<コート・ド・ニュイ・ヴィラージュとブルゴーニュ・オート・コート・ド・ニュイ>
Côte de Nuits-Villages vs Bourgogne Hautes Côte de Nuits
この似て非なるワインについて、検証する。両者は共にフランスのAOC(原産地統制呼称法)適用ワインである。最大の違いは、その格付にある。前者が村名格であるのに対し、後者はブルゴーニュ地方名格ワインである。ランクが違えば価格も違うが、両者とも高額になりがちなブルゴーニュにとっては比較的庶民価格で取引されるため、価格的に顕著な差はなく、価格からは両者の違いは見極められない。ここでは両者の違いについて話を展開する。ところで両者とも長い上に、似ているのでこの章では前者を甲、後者を乙とする。
<コート・ド・ニュイ・ヴィラージュ>
甲は、村を意味するVillagesの名が示す通り村名格のワインであり、その場所は赤ワインの大銘醸地コート・ド・ニュイ地区にある。また複数を表わすsが末尾に付くため、幾つかの村の集合体であることも判断できる。特級・一級と連なるAOCにあって、村名格はテーブルワインから聳えるワイン界の頂点グループに君臨し得る立場にある。AOC法上はロマネ・コンティを有するACヴォーヌ・ロマネ村及びシャンベルタンを有するACジュブレ・シャンベルタン村と同格である。法的には同格であるが、このアペラシオンには特級及び一級格付ワインはない。村名格にして村名格までのワインしかないのである。そこが特級を持つ独立したアペラシオンとは違う個性であり、相対的な立場は当然下になる。

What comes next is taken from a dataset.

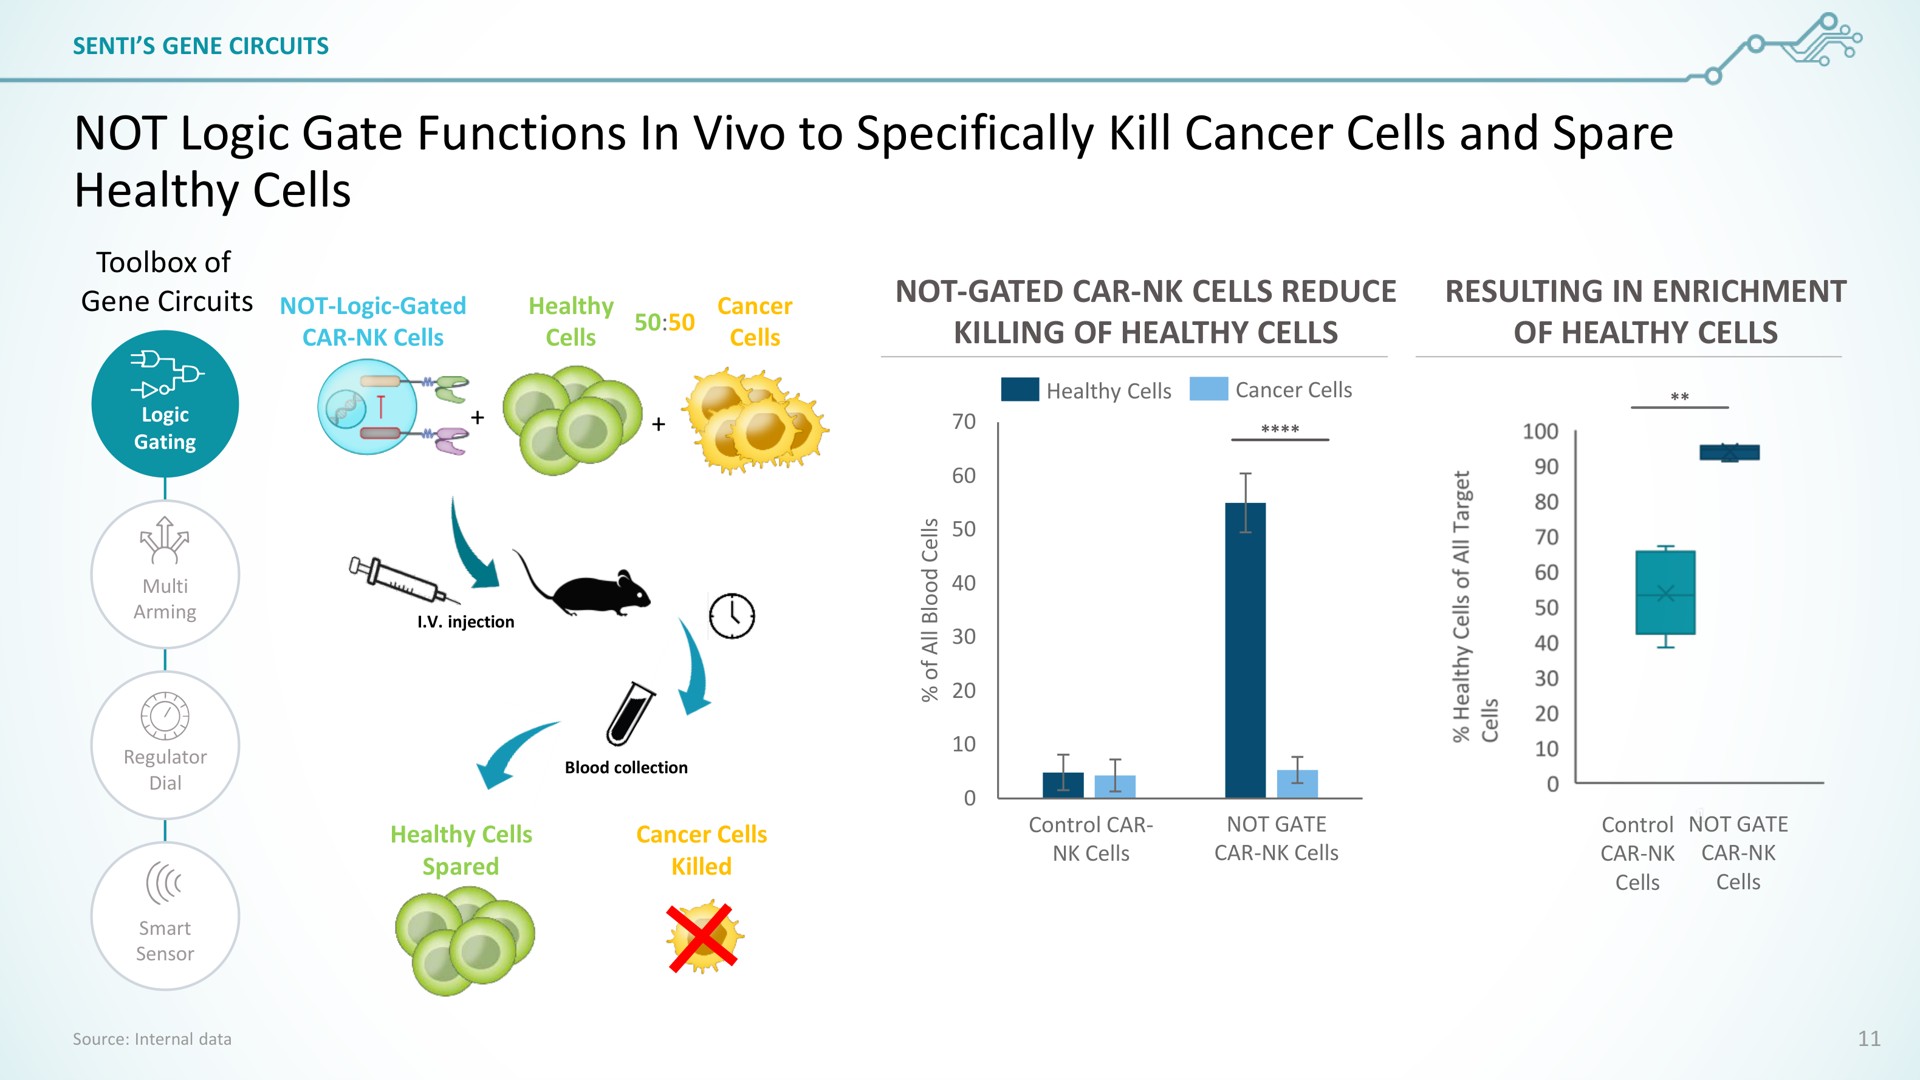 not logic gate functions in to specifically kill cancer cells and spare healthy cells a sie | SentiBio

甲の範囲は次の5村である。フィサン・ブロション・/・プリセー・コンブランシアン・コルゴロアン。
(Fixin Brochon ・/・ Prissey Comblanchien Corgoloin)
フィサンとブロションはディジョン市の南側、マルサネ・ラ・コート村とジュブレ・シャンベルタン村の間に位置し、コート・ド・ニュイ地区の北側にある。プリセー以下はニュイ・サン・ジョルジュ村の南側にあり、両者はまさに黄金の丘を挟むような位置関係にある。次にそれぞれの村について検証する。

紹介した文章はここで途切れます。